Saute the onions, add mushrooms, carrots, cabbage, parsley, potato and spices.  After about 5 minutes add some water to cover.  Steam another 5-10 minutes. Add the dry lentils and 2 tbsp. pasta sauce and enough water to cover plus about another cup or so. Bring to boil, then reduce heat and let simmer for about 45 minutes or so. Keep an eye on it and add more water if required. Once lentils are tender add the 1/2 cup coconut milk and 1/2 cup water - simmer on low for another 10 minutes.

I found a great little cube container at Babies R Us to freeze excess tomato pasta sauce and coconut milk in.  I never use the whole container of each so this is very handy to have on hand.  Once cubes are frozen - remove and place in plastic bag or other container and you can have it freed up to make more. Easy to wash container and I was happy that the tomato sauce does not stain this at all!

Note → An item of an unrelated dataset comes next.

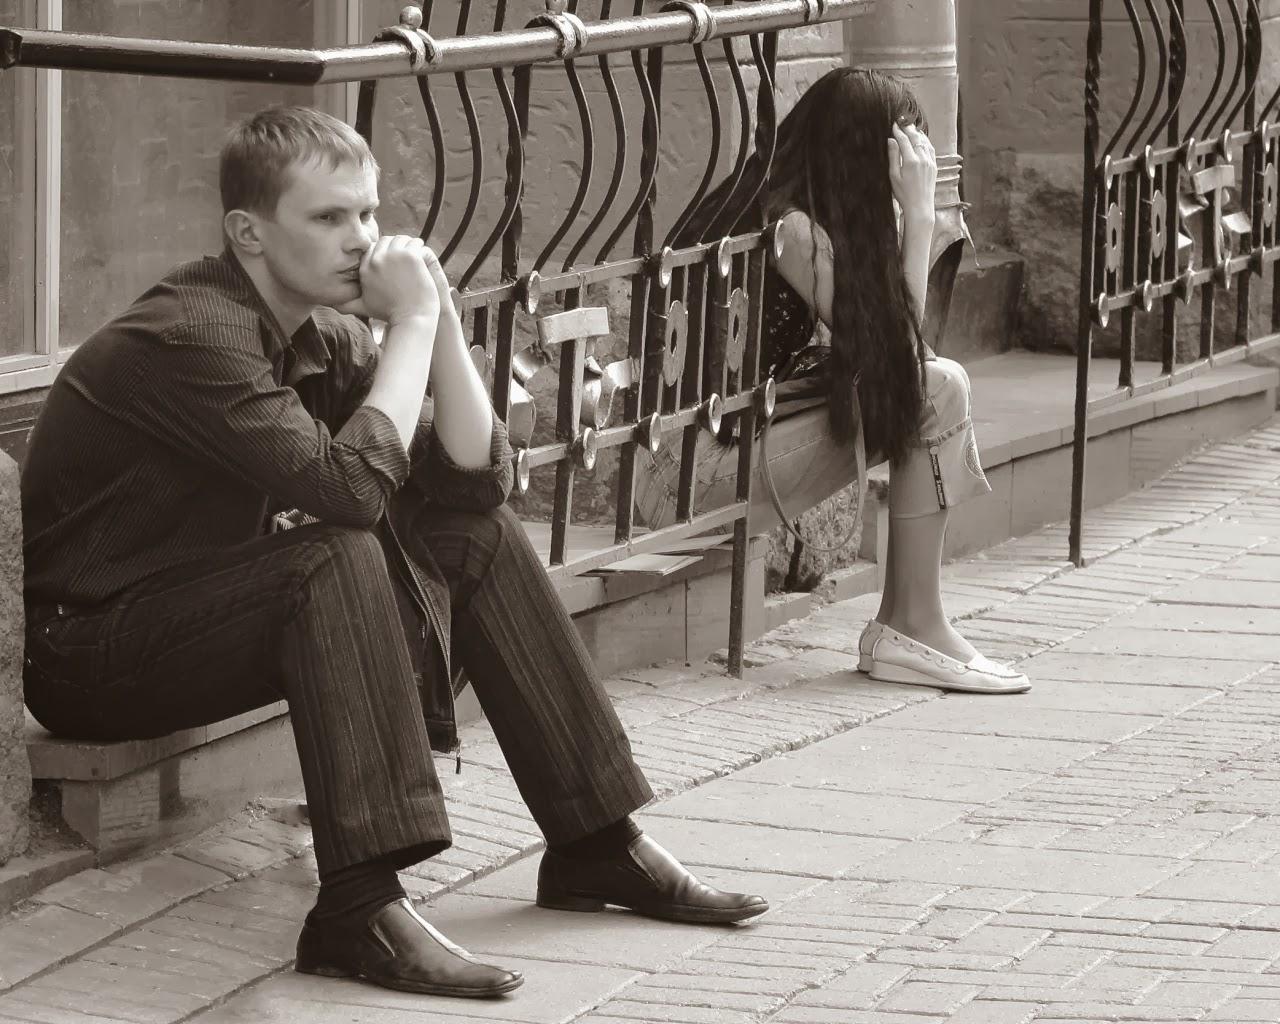 Sad break up story | Love Romance and Health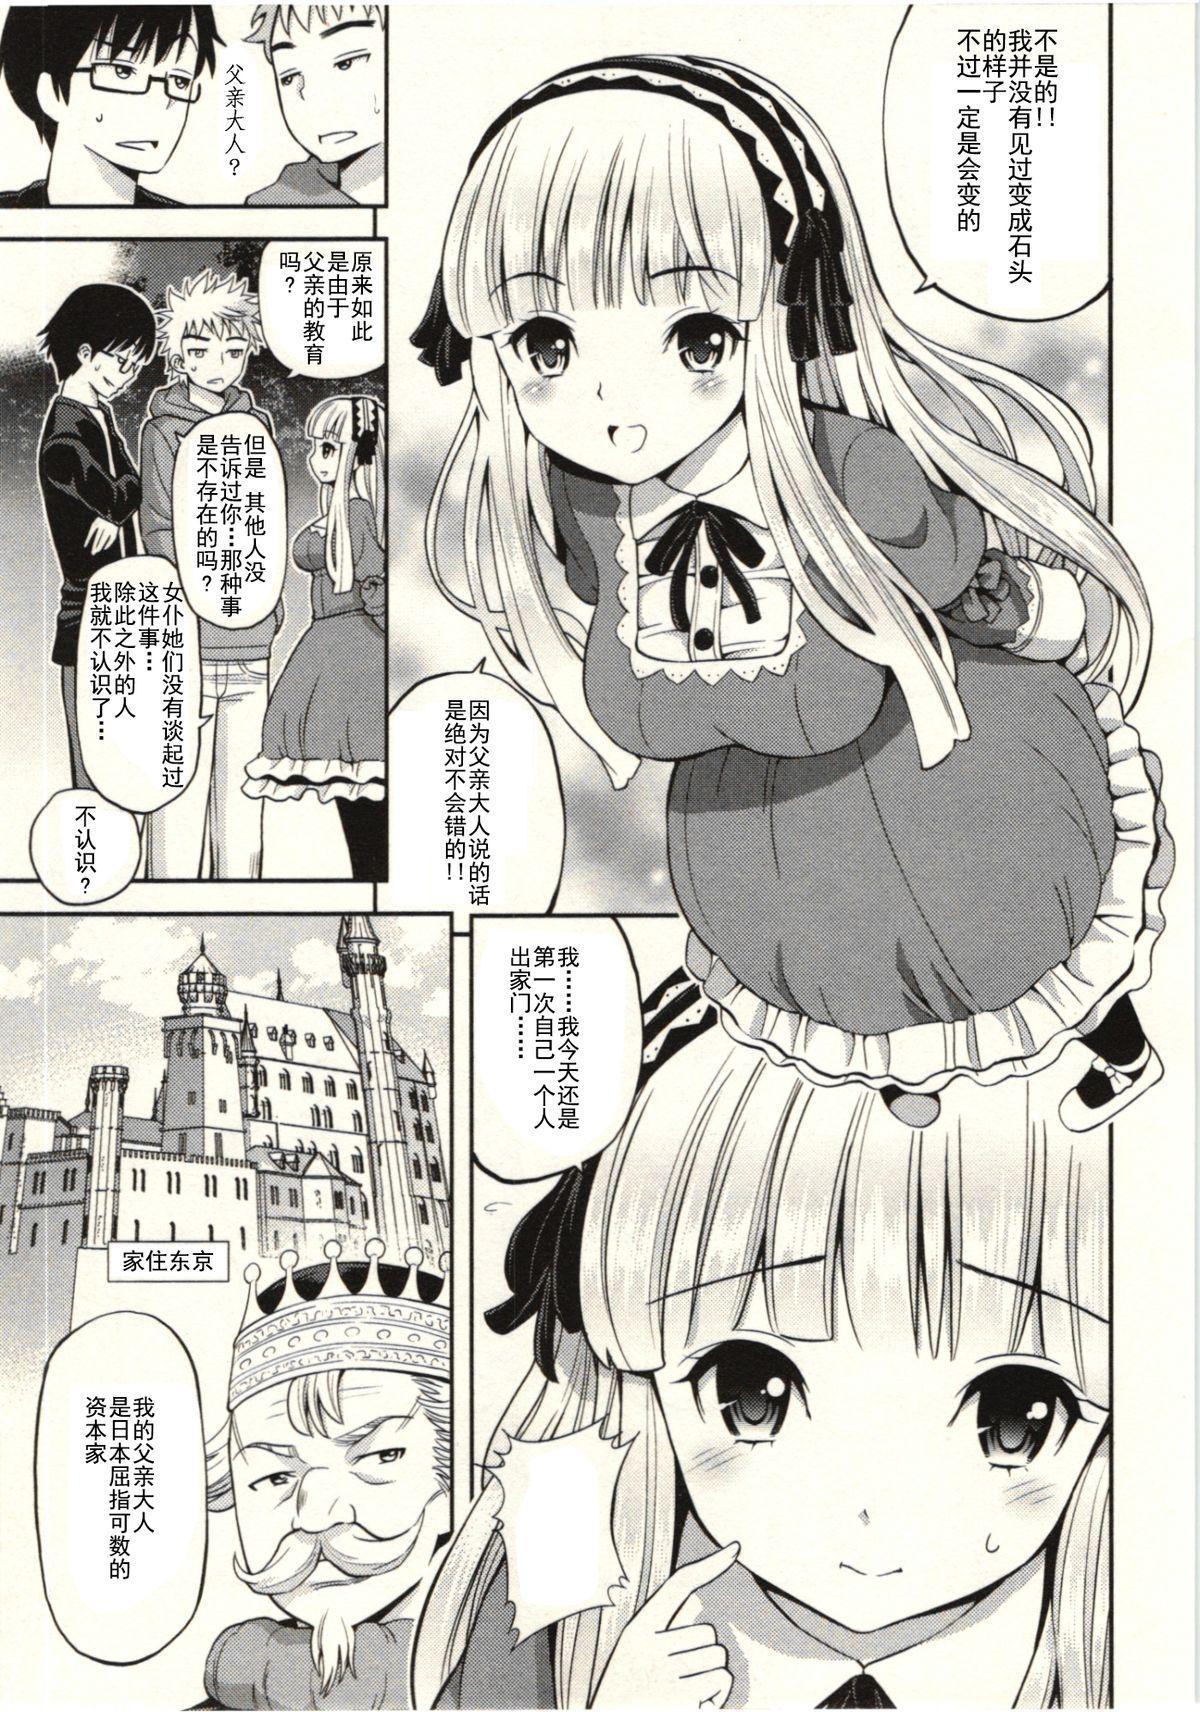 Tadashii Majutsu no Asobikata - The right way of playing of magic. 127

Saturday, January 12, 2013

Chocolate Chip Cookie Toll House Style


Fit for a prince - Prince Nico that is!  His Royal Highness requested these tonight at 9 p.m. The loyal subjects' payment for completing this late night task was a: Mema, Mema - I L-o-v-e You!! You had to hear the dramatic flair he added to the whole statement but needless to say it made me smile and made it all worthwhile.

2 1/4 cups all purpose flour
1 teaspoon baking soda
1 teaspoon salt

1 cup vegan Becel margarine
1/2 cup white sugar
1 cup packed brown sugar
1 teaspoon vanilla extract
6 - 8 tbsp. soy milk or cream
3/4 cup chocolate chips (camino)

Combine flour, baking soda and salt in small bowl. Beat margarine, granulated sugar, brown sugar and vanilla in large mixer bowl. Add 6 tbsp. soy milk and beat well. Gradually beat in flour mixture. Add extra soy milk if it seems to dry. Stir in chocolate chips  Use 2-3 tbsp. of dough for each cookie and place onto ungreased baking sheets.

Bake in preheated 350-degree [Fahrenheit] oven for 10 minutes or until golden brown. Let stand for 2 minutes; remove to wire racks to cool completely.